[Python-Dev] PEP 318 - generality of list;
restrictions on elements
Aahz
aahz at pythoncraft.com
Wed Mar 10 21:34:32 EST 2004
On Wed, Mar 10, 2004, Fred L. Drake, Jr. wrote:
> On Wednesday 10 March 2004 08:43 pm, Aahz wrote:
>>
>> That's why I said "kind of callable"; from the user's POV, they act like
>> callables because you invoke them with call syntax, just like methods.
>
> My first reaction to this was "Since when??!?"
>
> If the only descriptors you're thinking about are things that return
> callables from the __get__() method, it makes sense that you've made
> this mistake. What needs to be considered though is that not all
> descriptors provide callable results.
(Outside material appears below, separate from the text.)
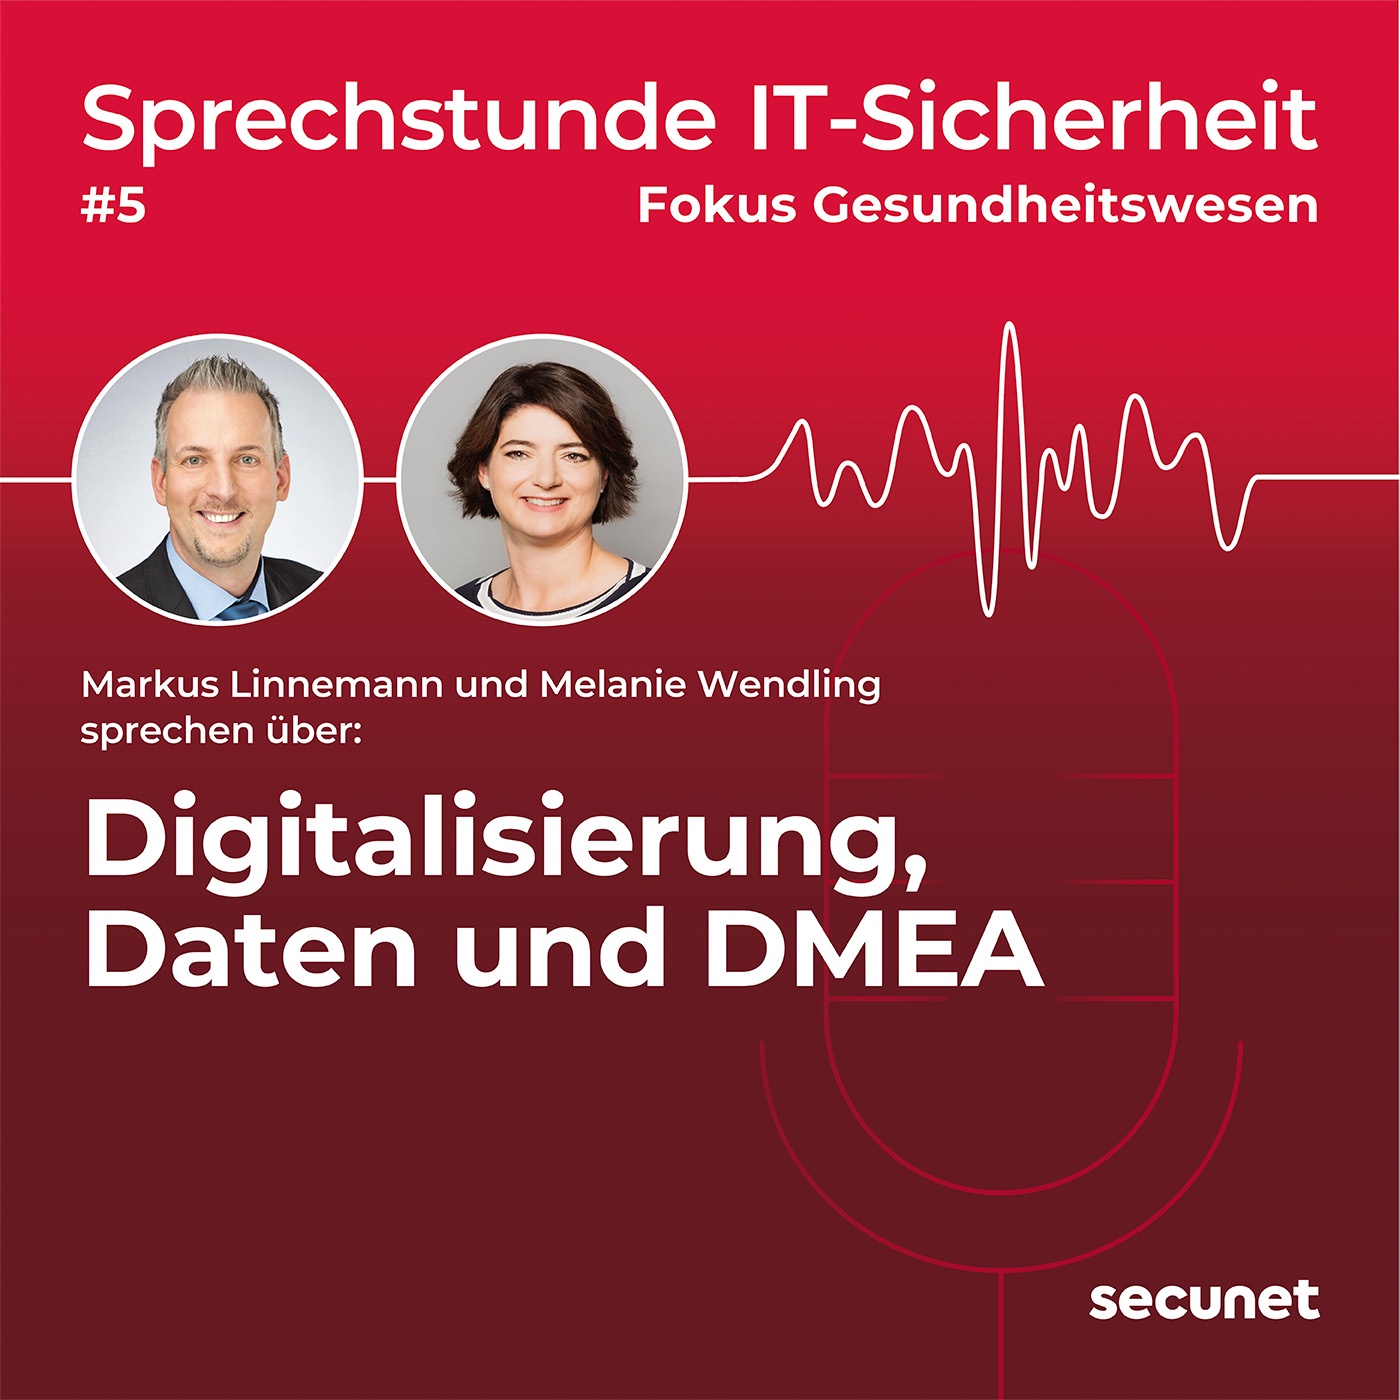 Digitalisierung, Daten und DMEA

Remember that "property" is a
> descriptor type; instances of property are not normally callable.
"They" was referring to Greg's mention of classmethods and staticmethods.
Despite the example given of the colormap, it's still not clear to me
what the use case is for a decorator returning an object that doesn't
get used as a callable, particularly when weighed against the
disadvantages.
There's a lot of ambiguity floating around with the advent of properties.
Although properties don't use call syntax, IMO they certainly have call
semantics because the get or set descriptor gets called by the attribute
machinery under the covers. (I just checked -- it's legal to define a
property that uses string objects in the property() call, but you'll get
a TypeError when you try to access the attribute.) I think that
properties as a specific case are sufficiently useful to warrant the
blurring, but I'd rather not see that blurring generalized through
Python.
--
Aahz (aahz at pythoncraft.com) <*> http://www.pythoncraft.com/
"Do not taunt happy fun for loops. Do not change lists you are looping over."